De appellant betoogde dat zijn verzoek om ontheffing redelijk was, gezien zijn persoonlijke omstandigheden en fysieke handicaps. Hij stelde dat het beluisteren van muziek niet meer hinder zou moeten veroorzaken dan het musiceren zelf, en dat de weigering van de ontheffing in strijd was met artikel 1 van de Grondwet, dat gelijke behandeling waarborgt. De Afdeling bestuursrechtspraak van de Raad van State oordeelde echter dat de rechtbank terecht had geoordeeld dat het belang van de gemeente bij het voorkomen van geluidshinder zwaarder woog dan de belangen van de appellant. De Afdeling bevestigde dat de burgemeester en wethouders in redelijkheid hadden kunnen besluiten om geen uitzondering te maken op het beleid.

De Afdeling oordeelde verder dat de appellant niet kon stellen dat de weigering van de ontheffing in strijd was met de Grondwet, aangezien ook voor actieve muziekbeoefening geldt dat deze is toegestaan voor zover deze geen hinder veroorzaakt. De Afdeling concludeerde dat het hoger beroep ongegrond was en bevestigde de uitspraak van de rechtbank. Er was geen aanleiding voor een proceskostenveroordeling.

Uitspraak

200202622/1.
Datum uitspraak: 16 oktober 2002.
AFDELING
BESTUURSRECHTSPRAAK
Uitspraak op het hoger beroep van:
[appellant], wonend te [woonplaats],
tegen de uitspraak van de rechtbank te Alkmaar van 17 april 2002 in het geding tussen:
appellant
en
burgemeester en wethouders van Hoorn.
1. Procesverloop
Bij besluit van 15 november 2000 hebben burgemeester en wethouders van Hoorn (hierna: burgemeester en wethouders) het verzoek van appellant hem op de voet van artikel 4.1.7, tweede lid, van de Algemene plaatselijke verordening (hierna: APV) ontheffing te verlenen van het verbod als bedoeld in het eerste lid van dat artikel, om voor onbepaalde tijd eens in de twee weken op dinsdag of donderdag van 19.00 uur tot 21.30 in zijn woning luide hardrockmuziek op zijn muziekinstallatie te laten afspelen, afgewezen.
Bij besluit van 26 februari 2001 hebben burgemeester en wethouders het daartegen door appellant gemaakte bezwaar ongegrond verklaard. Dit besluit en het advies van commissie voor de bezwaar- en beroepschriften van 14 februari 2001 , waarnaar in het besluit wordt verwezen, zijn aangehecht.
Bij uitspraak van 17 april 2002, verzonden op 3 mei 2002, heeft de rechtbank te Alkmaar (hierna: de rechtbank) het daartegen door appellant ingestelde beroep ongegrond verklaard.

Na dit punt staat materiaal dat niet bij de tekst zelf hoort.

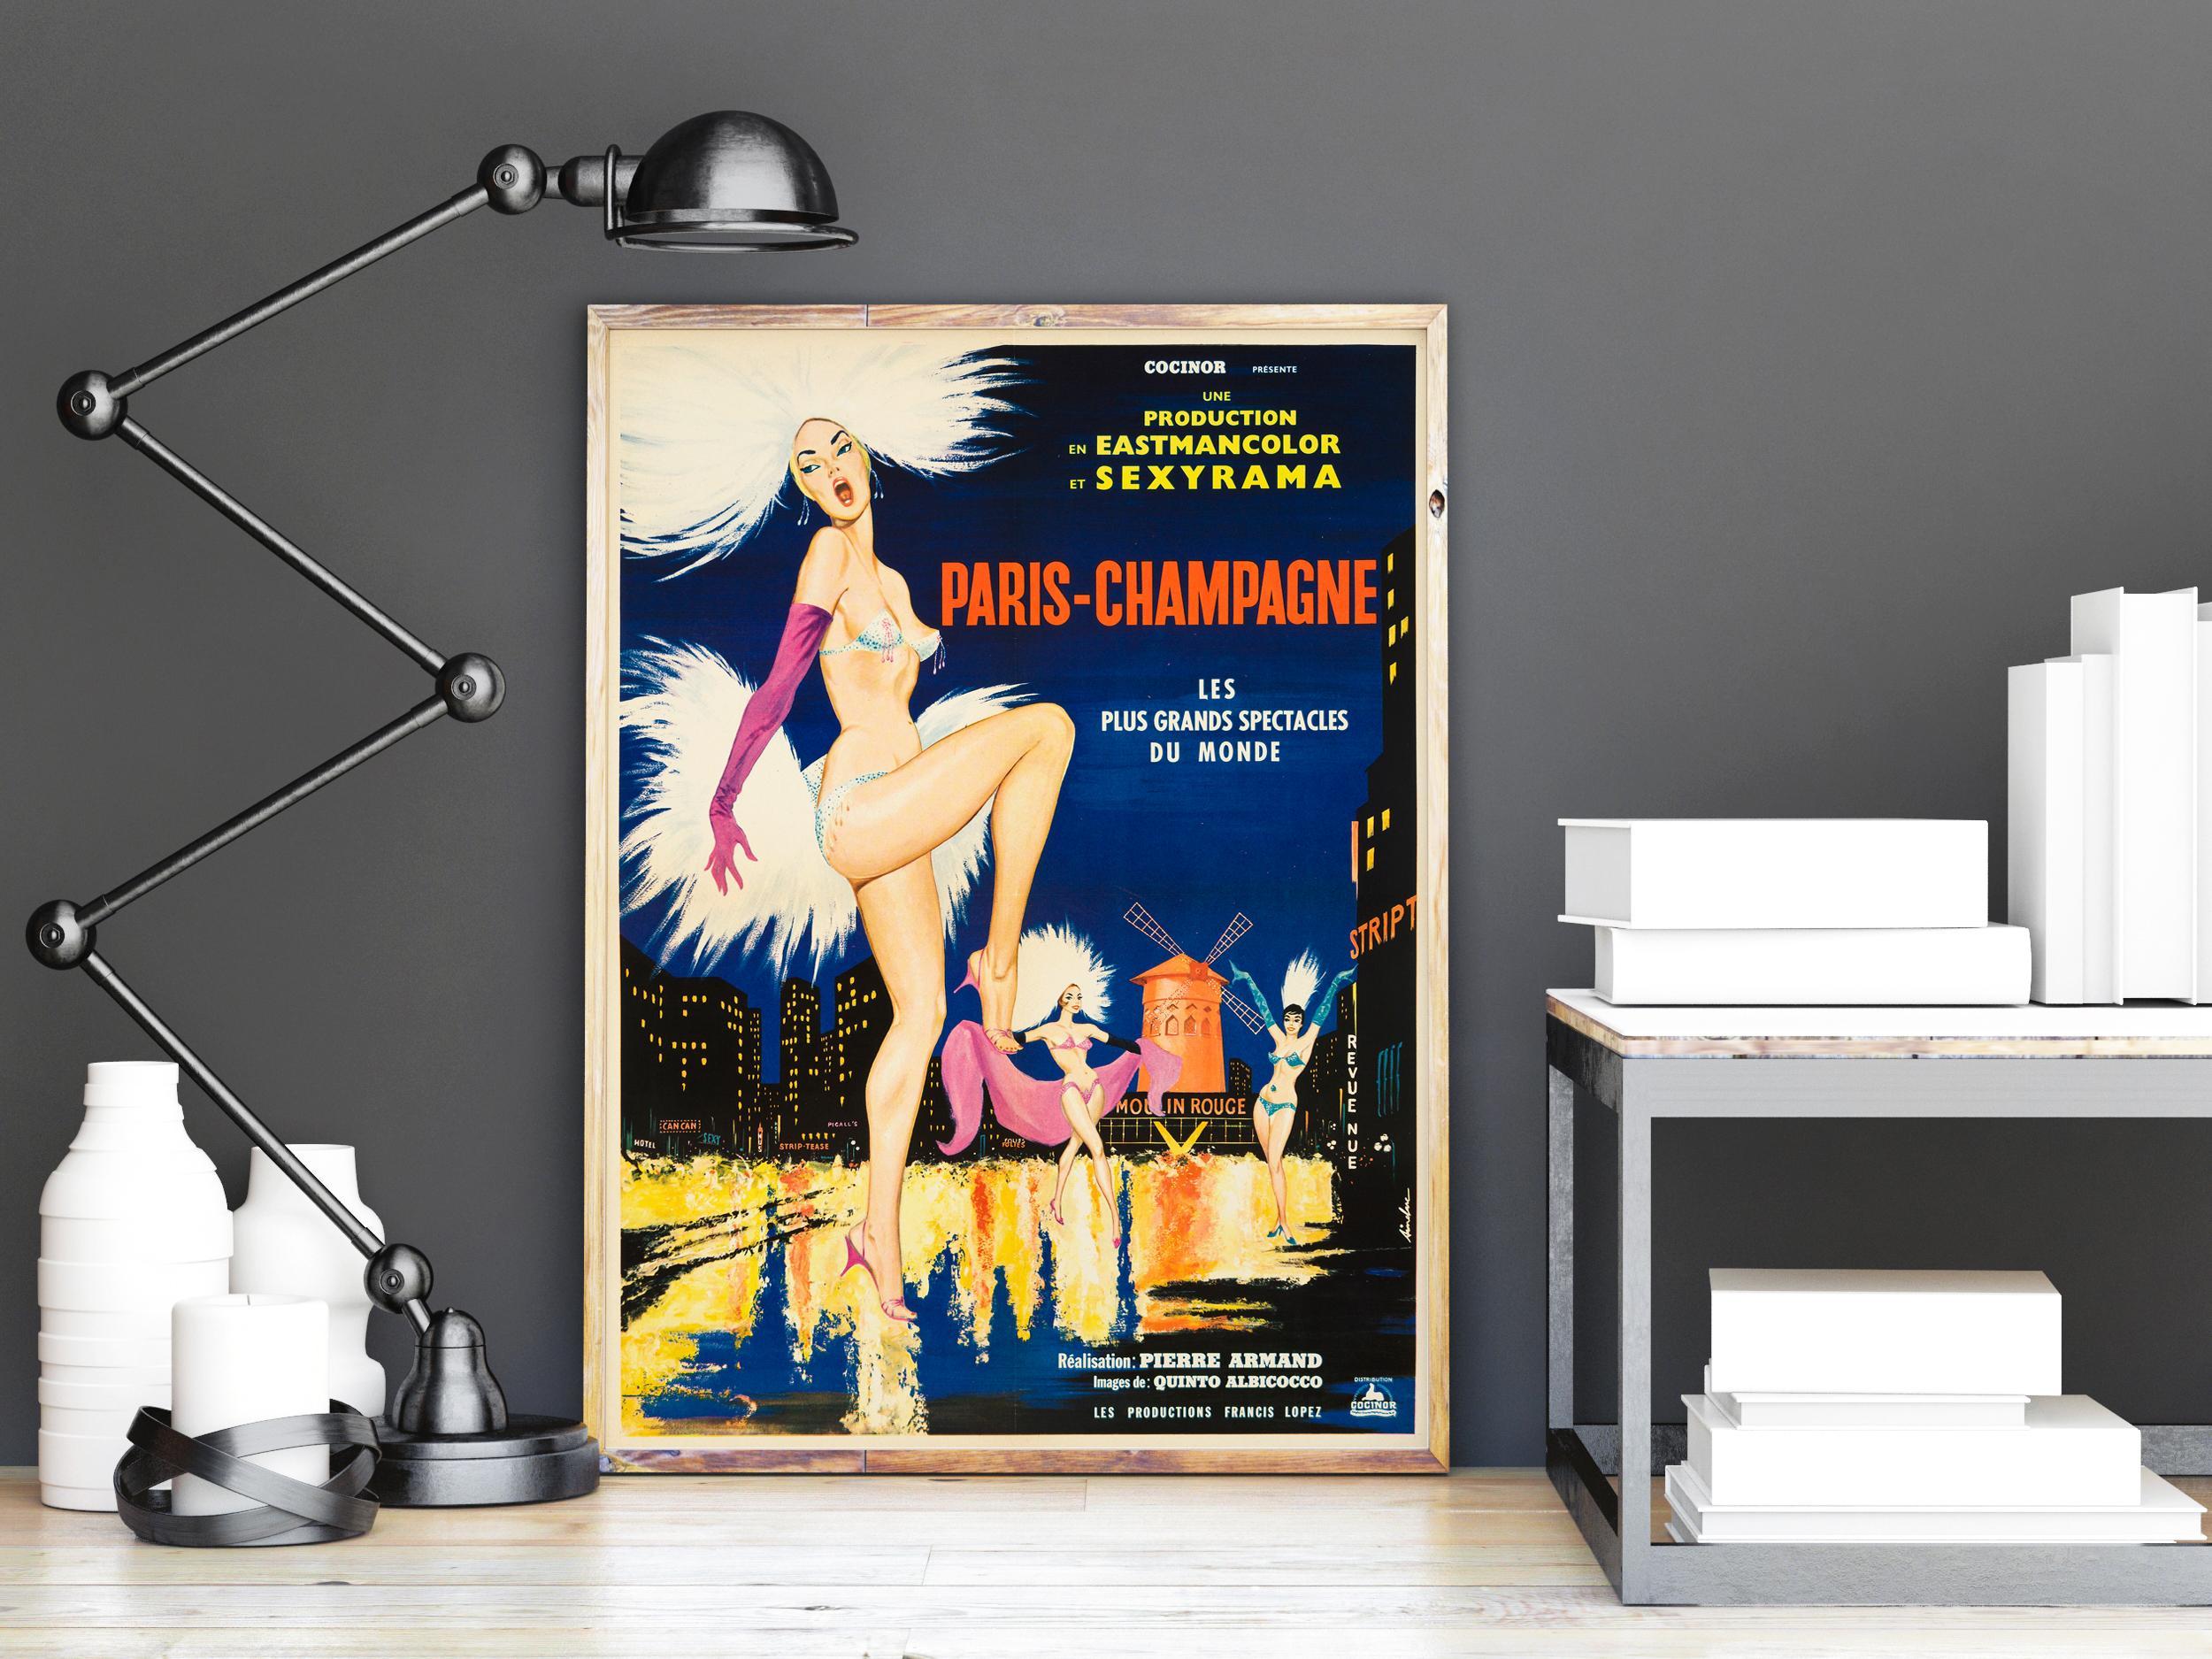 Although the film itself is somewhat unknown, released only in France and the Netherlands, this stunning French Moyenne poster for the 1964 Pierre Armand melodrama 'Paris-Champagne' stands on it's own, with its colourful can-can dancers set against

Deze uitspraak is aangehecht.
Tegen deze uitspraak heeft appellant bij brief, ingekomen bij de Raad van State op 13 mei 2002, hoger beroep ingesteld. Deze brief is aangehecht.
Bij brief van 5 juli 2002 hebben burgemeester en wethouders van memorie gediend.
Appellant heeft hierop gereageerd met een brief van 9 juli 2002.
Na afloop van het vooronderzoek zijn nadere stukken, gedateerd 19, 28 auugustus 2002 en 2, 3, 4 en 9 september 2002 ontvangen. Deze zijn aan de andere partij toegezonden.
De zaak is door een meervoudige kamer van de Afdeling verwezen naar een enkelvoudige.
De Afdeling heeft de zaak ter zitting behandeld op 30 september 2002, waar appellant in persoon, vergezeld door zijn echtgenote en burgemeester en wethouders, vertegenwoordigd door G.R.M. Koopman, werkzaam bij de gemeente, zijn verschenen. Voorts zijn verschenen de ouders van [partij], die zich partij heeft gesteld.
2. Overwegingen
2.1. Artikel 4.1.7. van de APV bepaalt dat het verboden is toestellen of geluidsapparaten in werking te hebben op een zodanige wijze dat voor een omwonende of overigens voor de omgeving geluidhinder wordt veroorzaakt.
Ingevolge het tweede lid van dit artikel kunnen burgemeester en wethouders van het in het eerste lid bepaalde ontheffing verlenen.
Artikel 1 van de Grondwet bepaalt dat allen die zich in Nederland bevinden, in gelijke gevallen gelijk worden behandeld en dat discriminatie wegens godsdienst, levensovertuiging, politieke gezindheid, ras, geslacht of op welke grond dan ook, niet is toegestaan.
2.2. In geschil is de weigering van burgemeester en wethouders om appellant ontheffing te verlenen. Appellant wenst door middel van deze ontheffing in staat te worden gesteld om op gezette tijden in zijn woning luide hardrockmuziek te laten afspelen op zijn muziekinstallatie.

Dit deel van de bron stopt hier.